■ **What you should do**
Retype the line where "Brossard a été" appears and each line that follows it down to the last line of the records below. Leave the pictures out.

▬▬▬▬▬▬▬▬▬▬

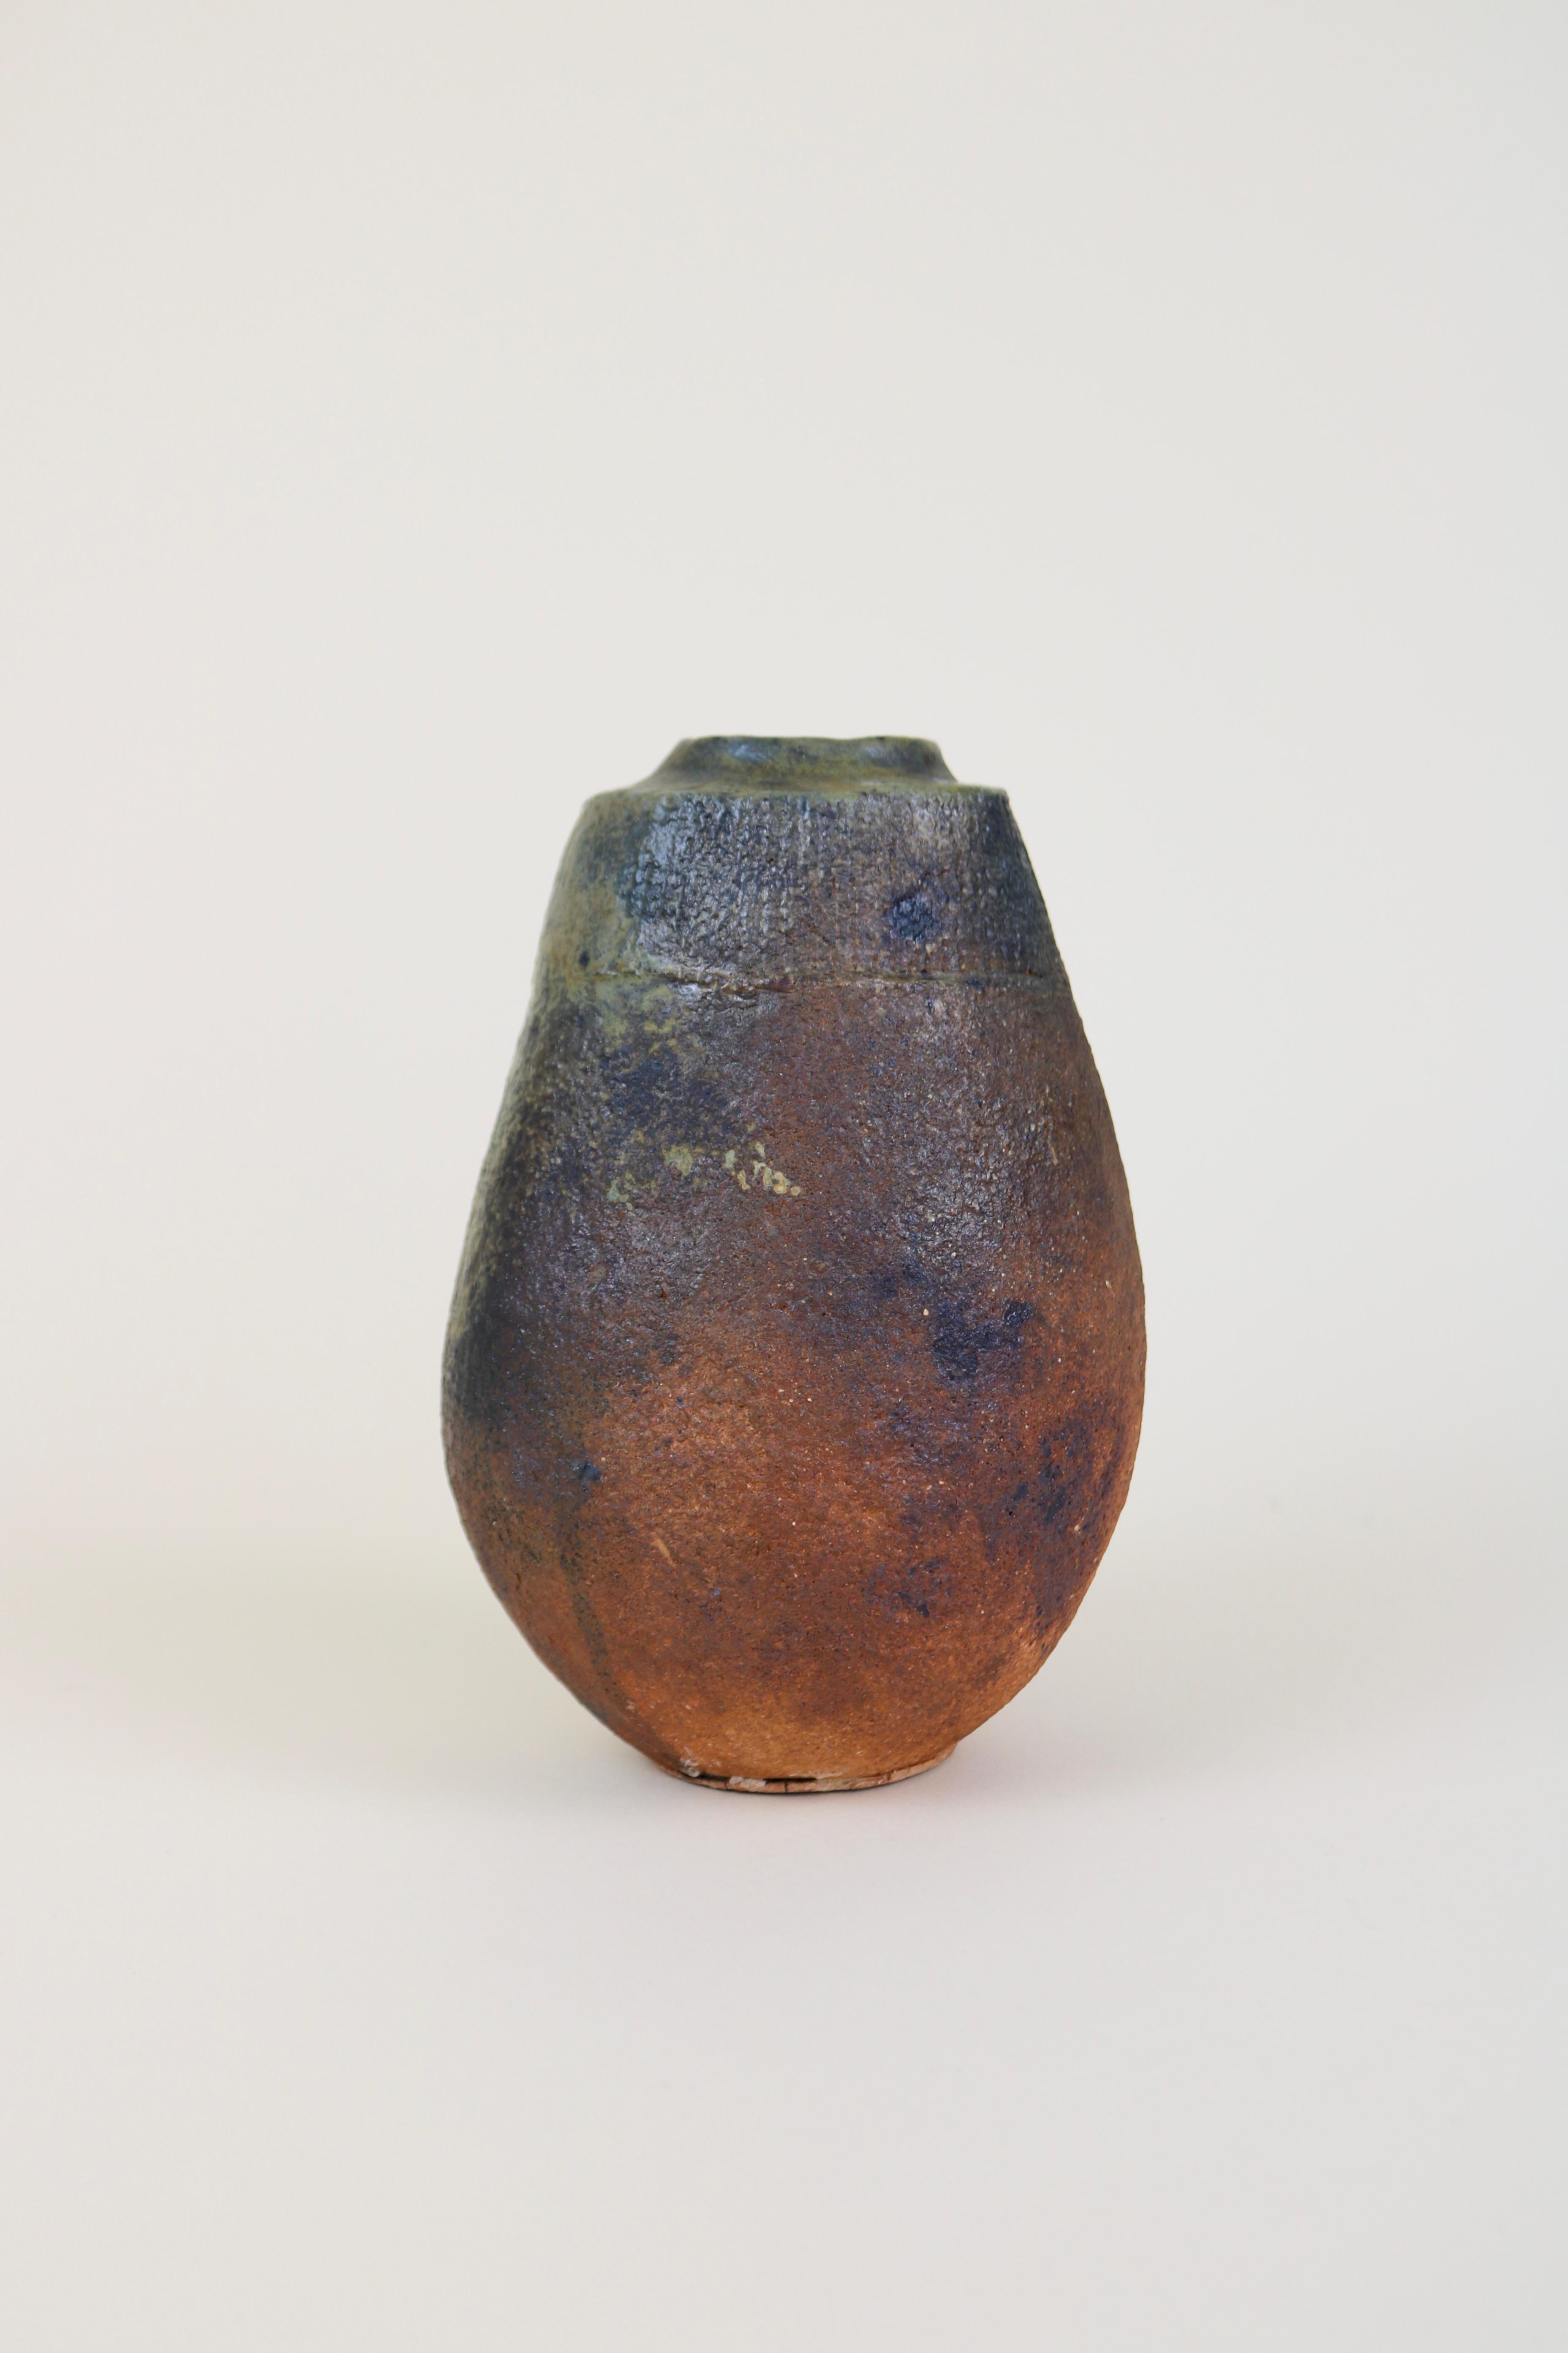 Vase sculptural en céramique de Gérard Brossard, potier de La Borne, vers 1980.
Un vase en grès lourd et épais, à la forme asymétrique et à l'aspect brut fait à la main.

Brossard a été l'élève de Jean et Jacqueline Lerat dans les années
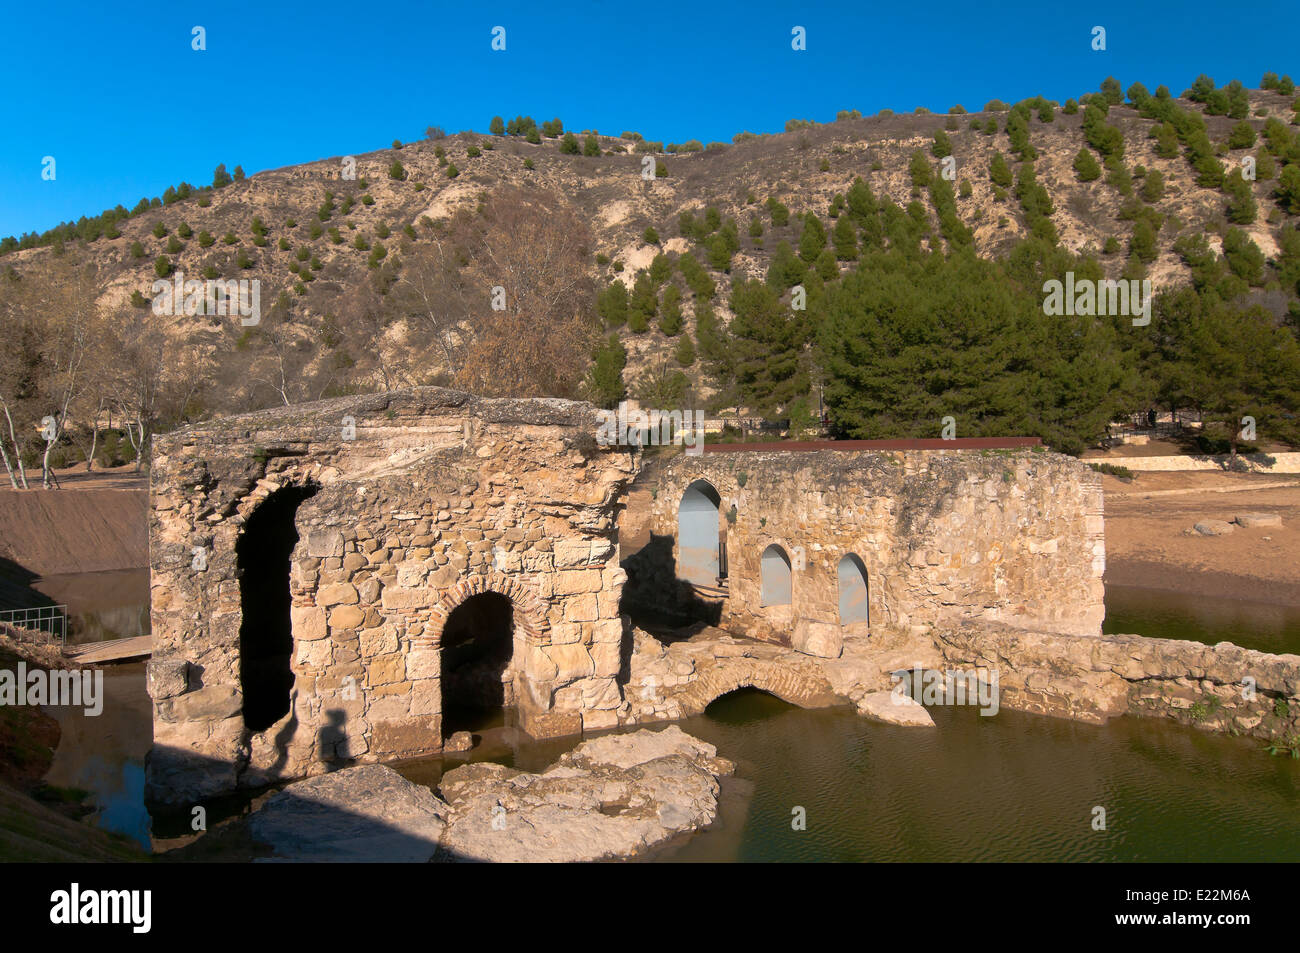 Ancien moulin à eau, l'arabe, la route touristique des bandits, Jauja, province de Cordoue, Andalousie, Espagne, Europe Banque D'Images
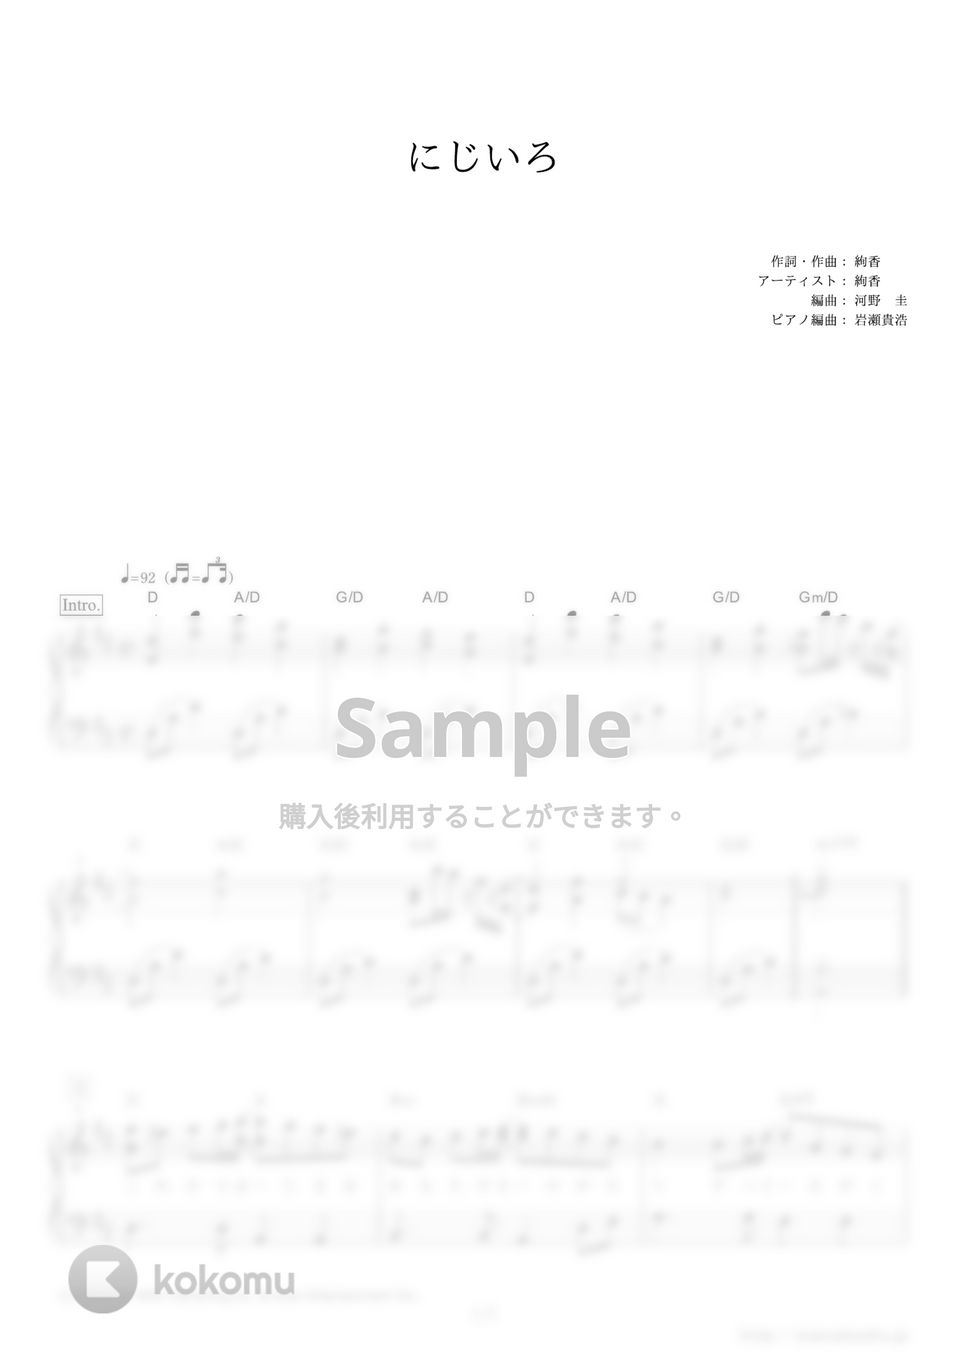 絢香 - にじいろ (NHK連続テレビ小説『花子とアン』主題歌) by ピアノの本棚

▬▬▬▬▬▬▬▬▬▬

■ **Response to this exercise**
Brossard a été l'élève de Jean et Jacqueline Lerat dans les années
 Ancien moulin à eau, l'arabe, la route touristique des bandits, Jauja, province de Cordoue, Andalousie, Espagne, Europe Banque D'Images
 絢香 - にじいろ (NHK連続テレビ小説『花子とアン』主題歌) by ピアノの本棚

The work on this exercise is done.